*** The data

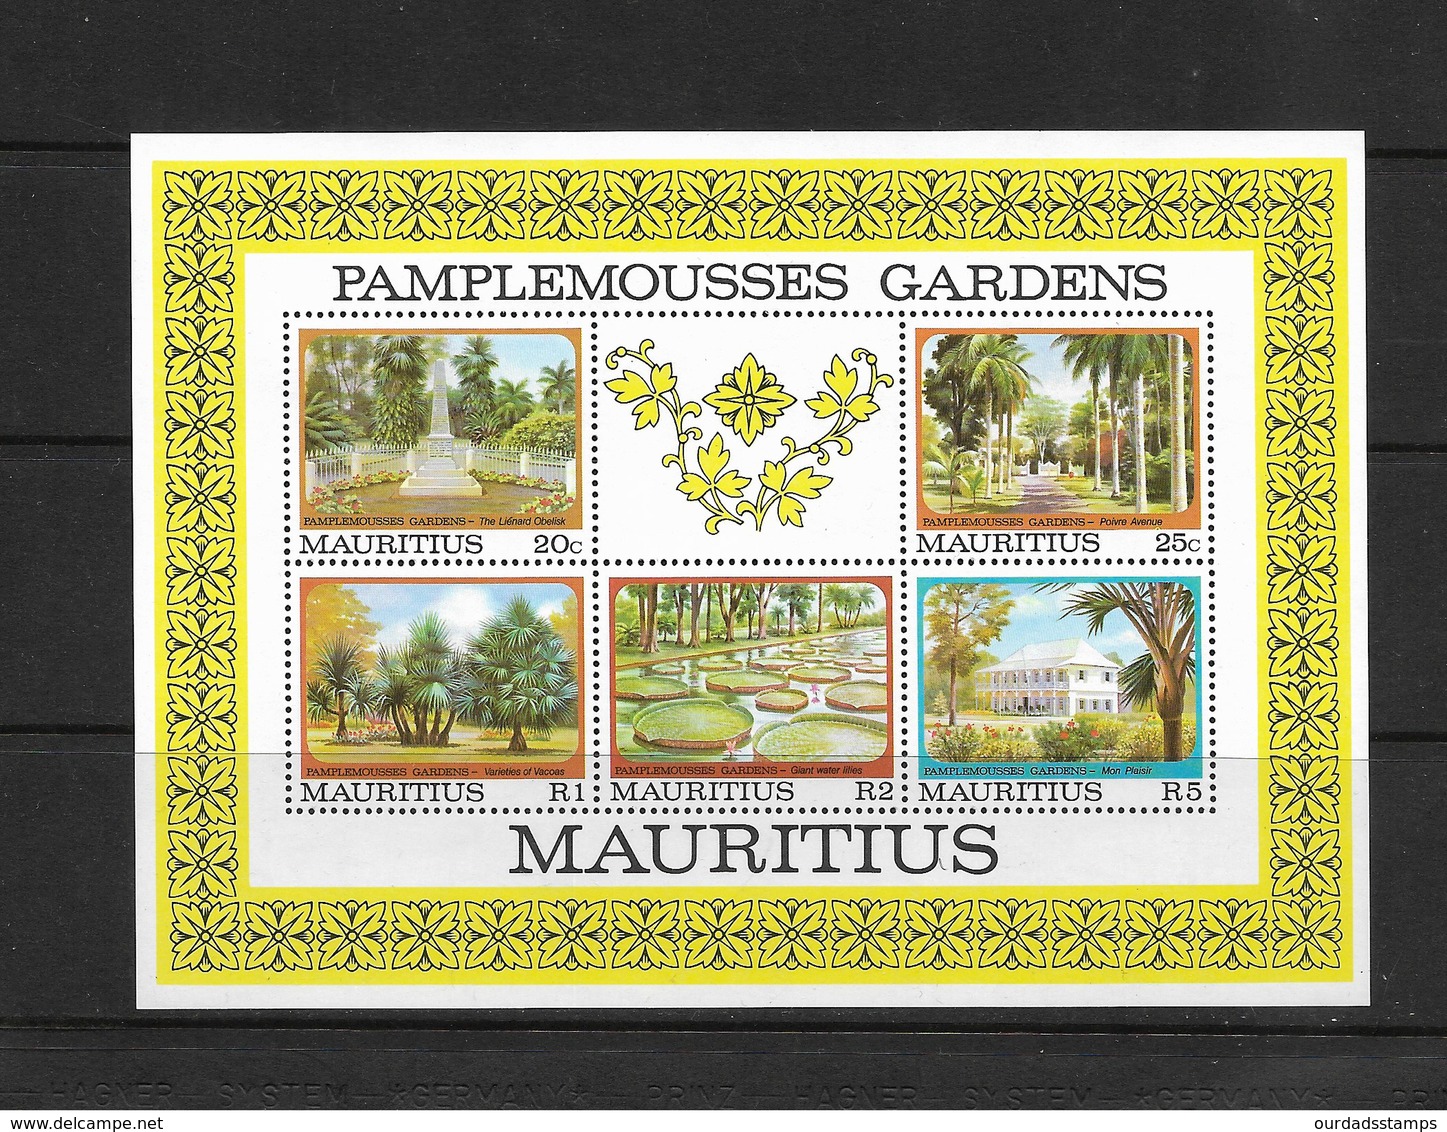 Mauritius 1980 Pamplemousses Botanical Gardens Minisheet MNH (7340) - Maurice (1968-...)
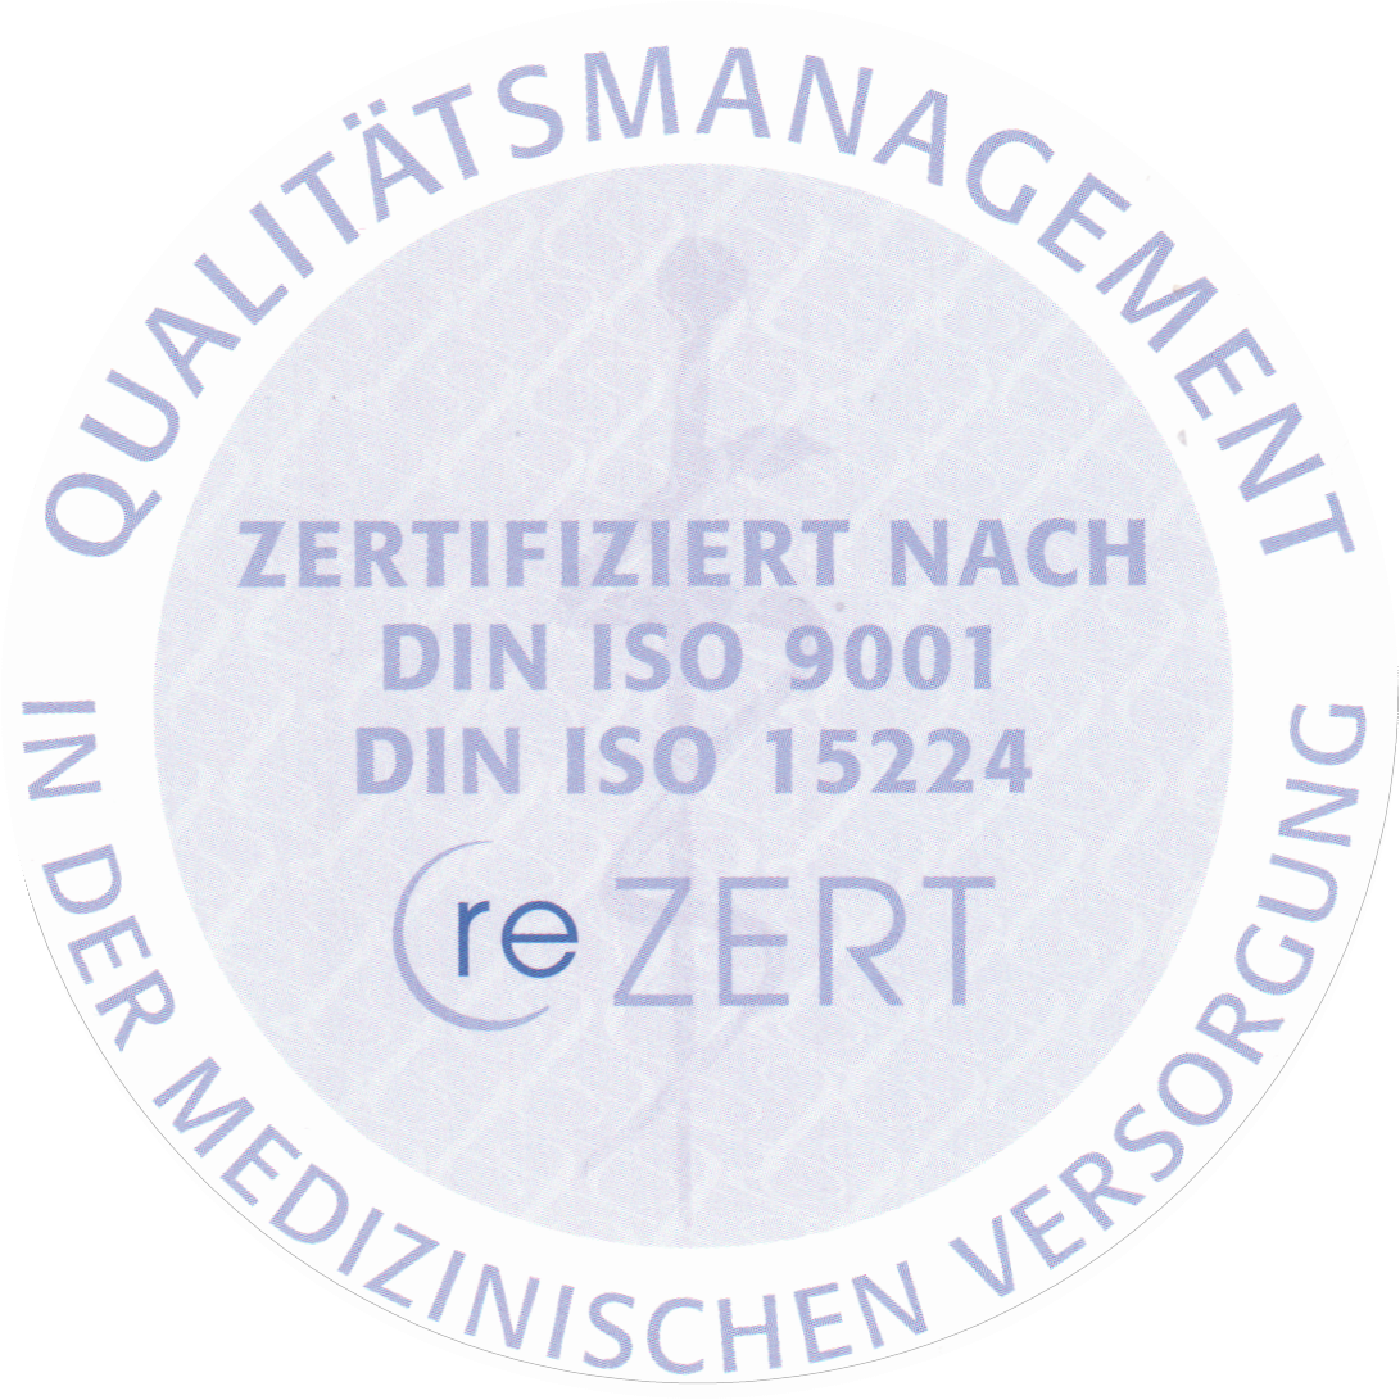 Unsere Praxis ist nach DIS ISO EN 9001:2008 und DIN ISO EN 15224 zertifiziert.
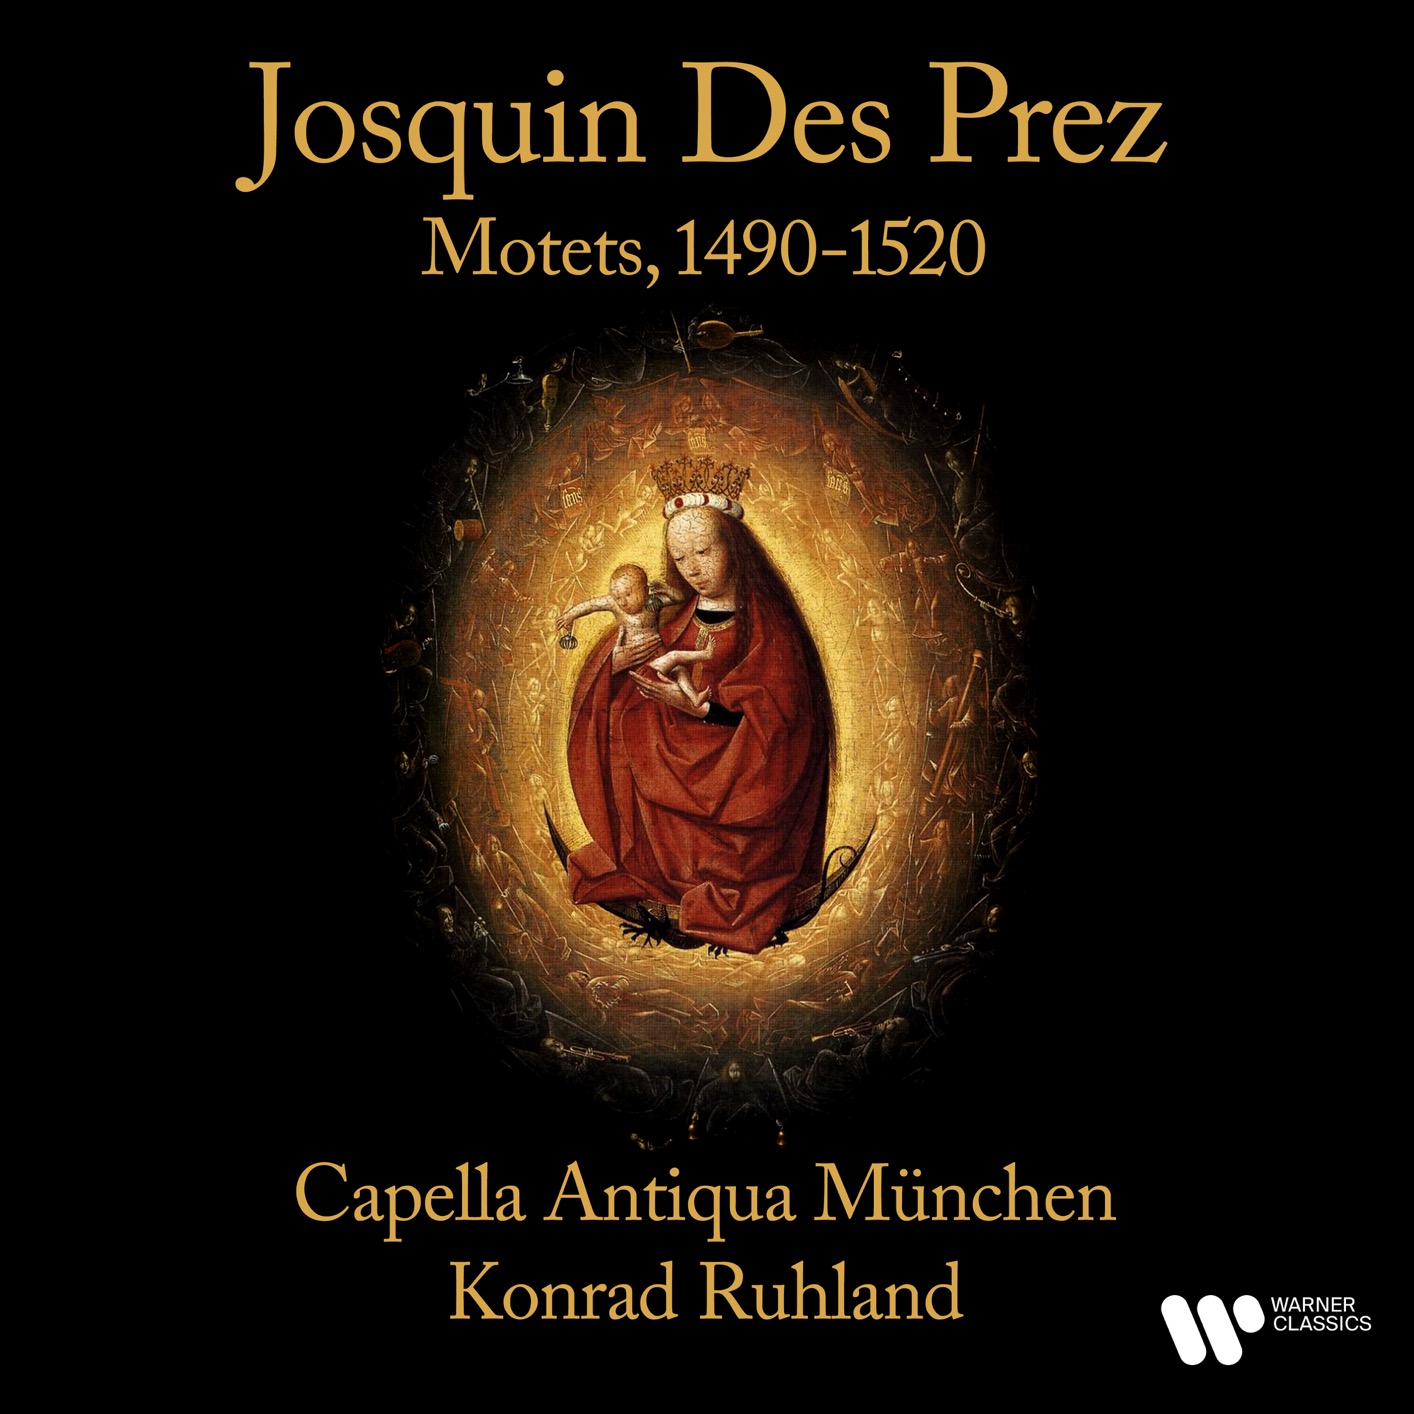 Capella Antiqua Muunchen & Konrad Ruhland - Dez Prez: Motets, 1490-1520 (Remastered) (1966/2021) [FLAC 24bit/192kHz]

******

(What is needed) What belongs in the answer is each line above, reproduced exactly, and no picture.

(Answer area)
 Mauritius 1980 Pamplemousses Botanical Gardens Minisheet MNH (7340) - Maurice (1968-...)
 Unsere Praxis ist nach DIS ISO EN 9001:2008 und DIN ISO EN 15224 zertifiziert.
 Capella Antiqua Muunchen & Konrad Ruhland - Dez Prez: Motets, 1490-1520 (Remastered) (1966/2021) [FLAC 24bit/192kHz]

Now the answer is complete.